Patent Description:
A pressurized water reactor comprises a primary reactor coolant circuit inside which a primary reactor coolant circulates under high pressure. A Chemical and Volume Control System (CVCS) is fluidically connected to the primary reactor coolant circuit. The CVCS comprises a low-pressure part which usually provides a point of entry or injection for various fluids into the primary reactor coolant. In particular, it may be required to inject hydrogen into the primary reactor coolant, e.g. to bond dissolved oxygen.
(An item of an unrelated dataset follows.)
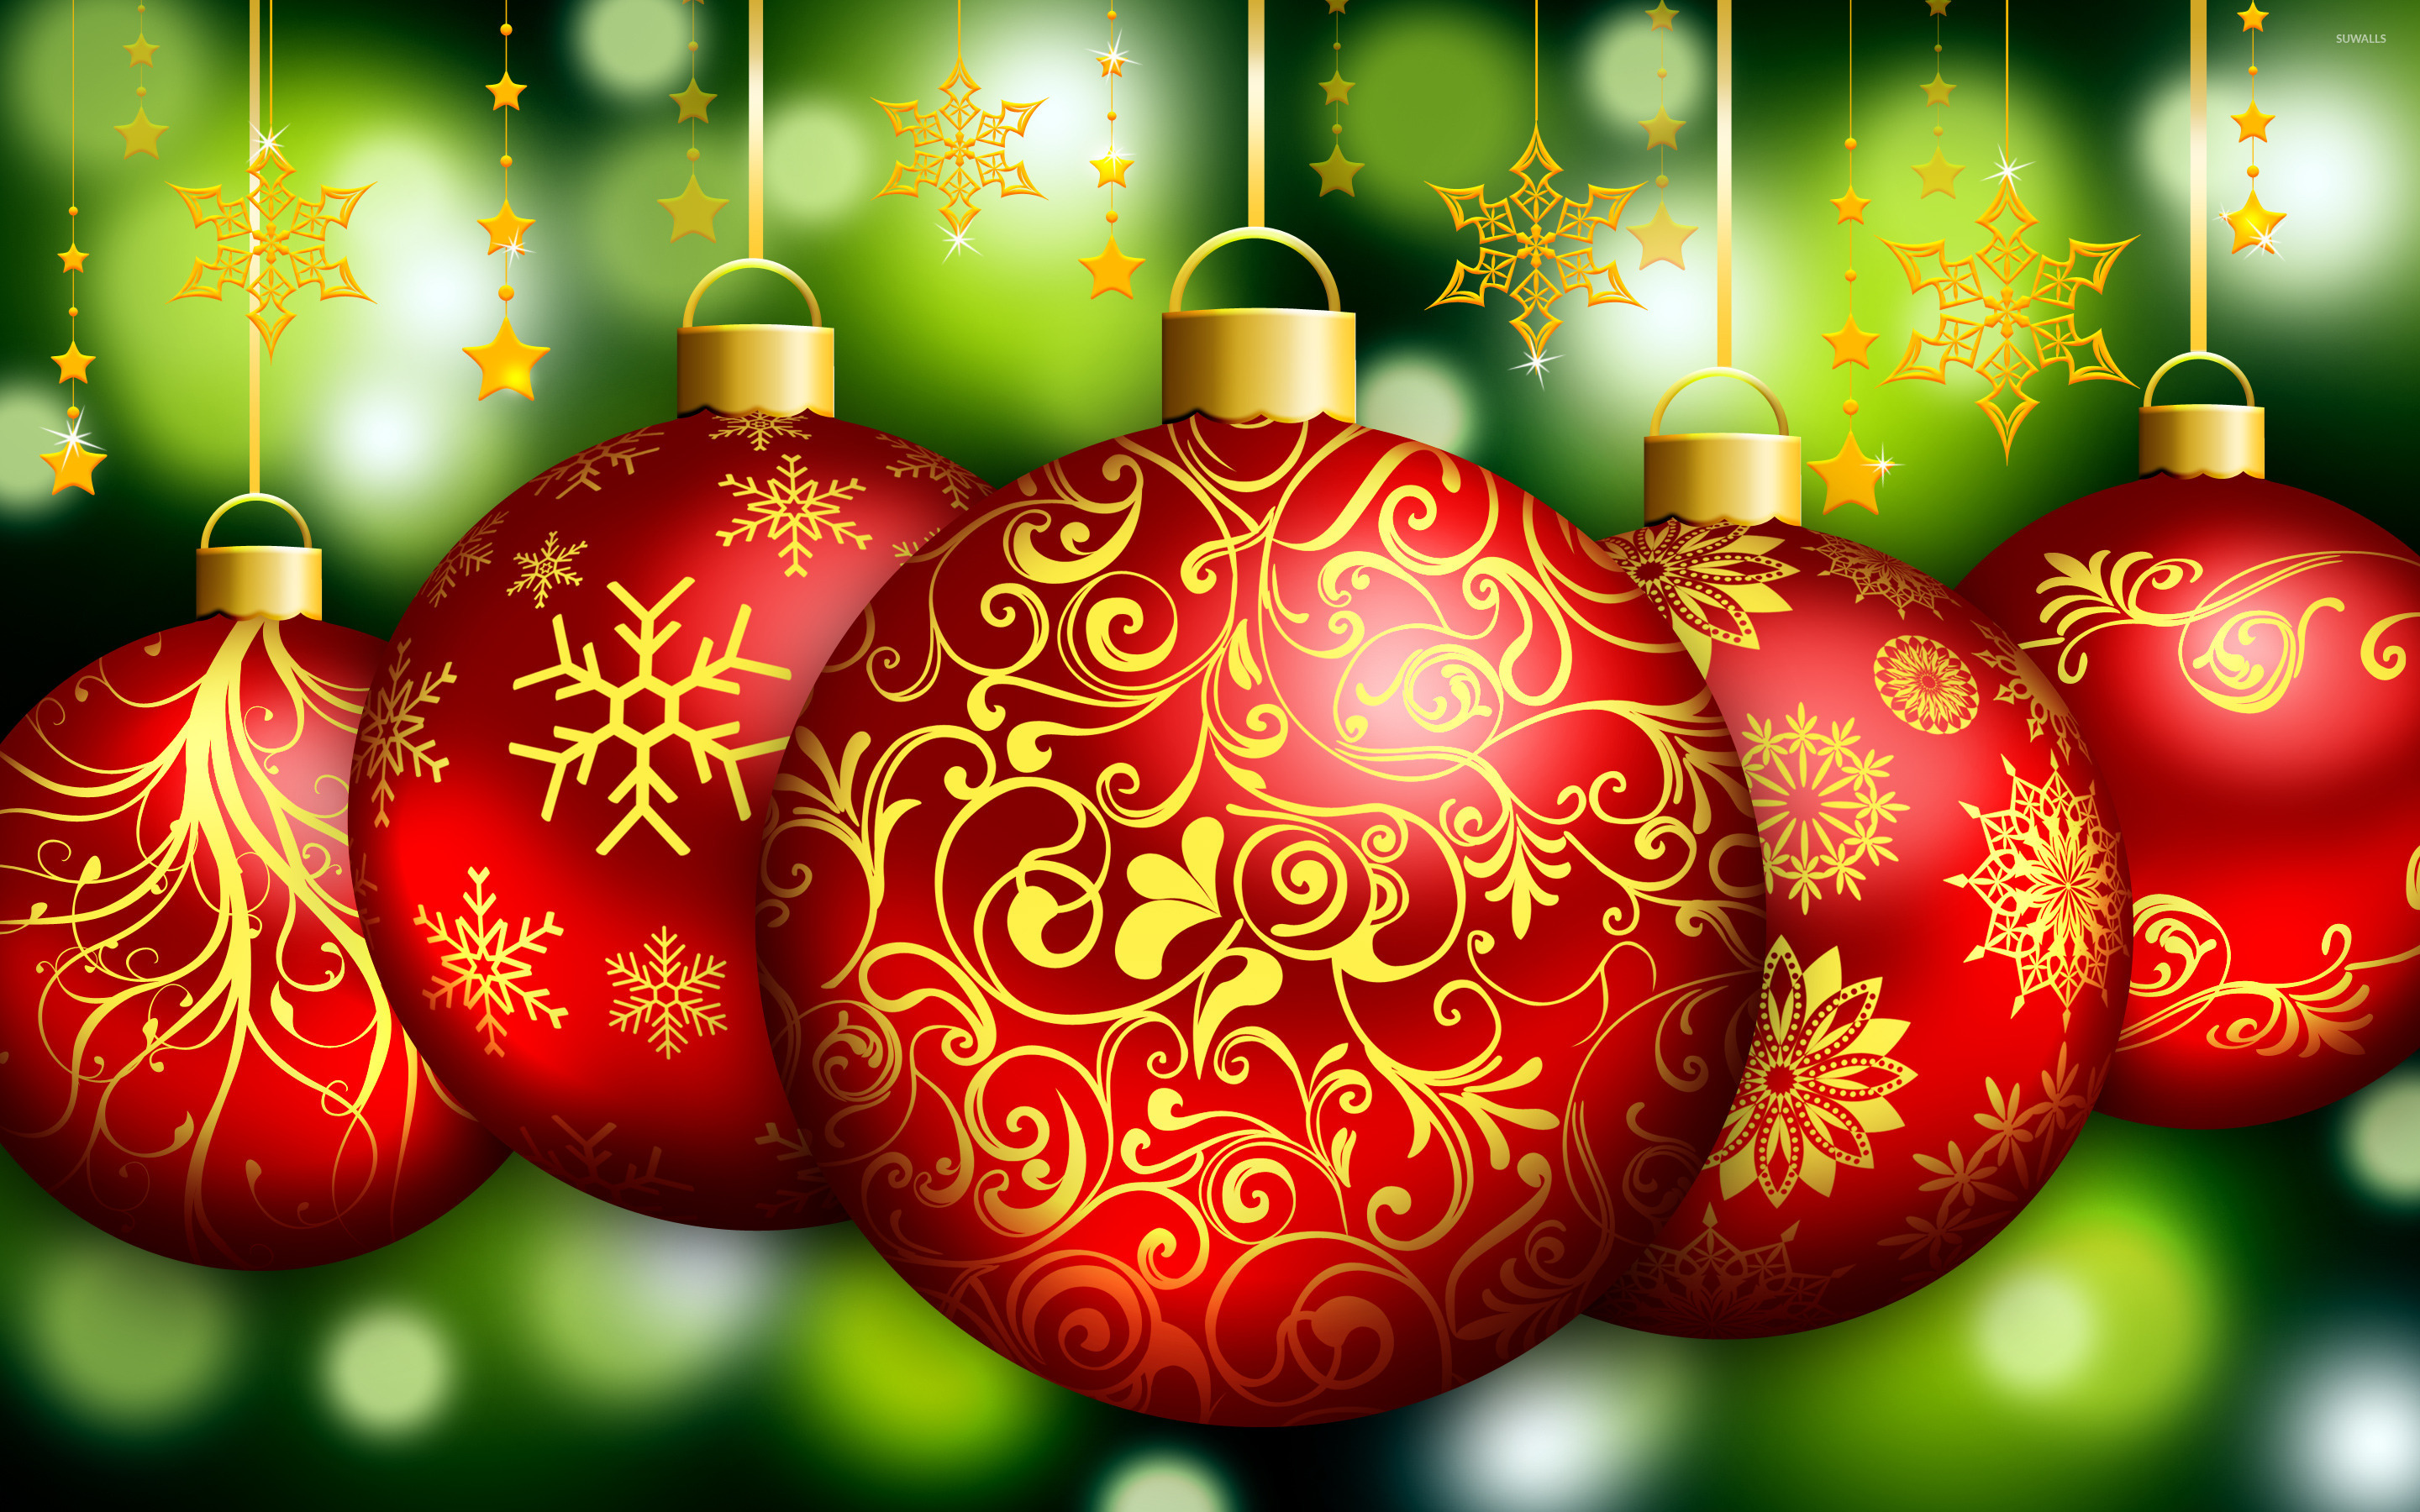 papel tapiz de adorno de navidad,decoración navideña,decoración navideña,ornamento,adorno de vacaciones,navidad

Prior art document <CIT> discloses a pressurized water reactor according to the preamble of claim <NUM>. In the disclosed system, a hydrogen feed line discharges into the low-pressure part of the CVCS upstream of the high-pressure charging pump (i.e. on its suction side), hence realizing a low-pressure injection of hydrogen (typical operating pressure: <NUM> bara).

Apart from that, there are wet-chemistry systems for injection of hydrazine or hydrogen peroxide into low-pressure lines.

Drawbacks of these approaches are usually related to a limitation of the hydrogen feed rate. The injection process is temporarily inert, and its effects are time delayed. Furthermore, wet chemistry solutions may be toxic, cancerous, corrosive, and/or generally harmful to the environment and the operating personnel and do not provide free hydrogen.

<CIT> describes a nuclear power station primary coolant high-pressure hydrogenation system.

<CIT> describes a start-up/shutdown, hydrogen injection system for a boiling water reactor.

<CIT> describes a nuclear power plant's hydrogen sypply system.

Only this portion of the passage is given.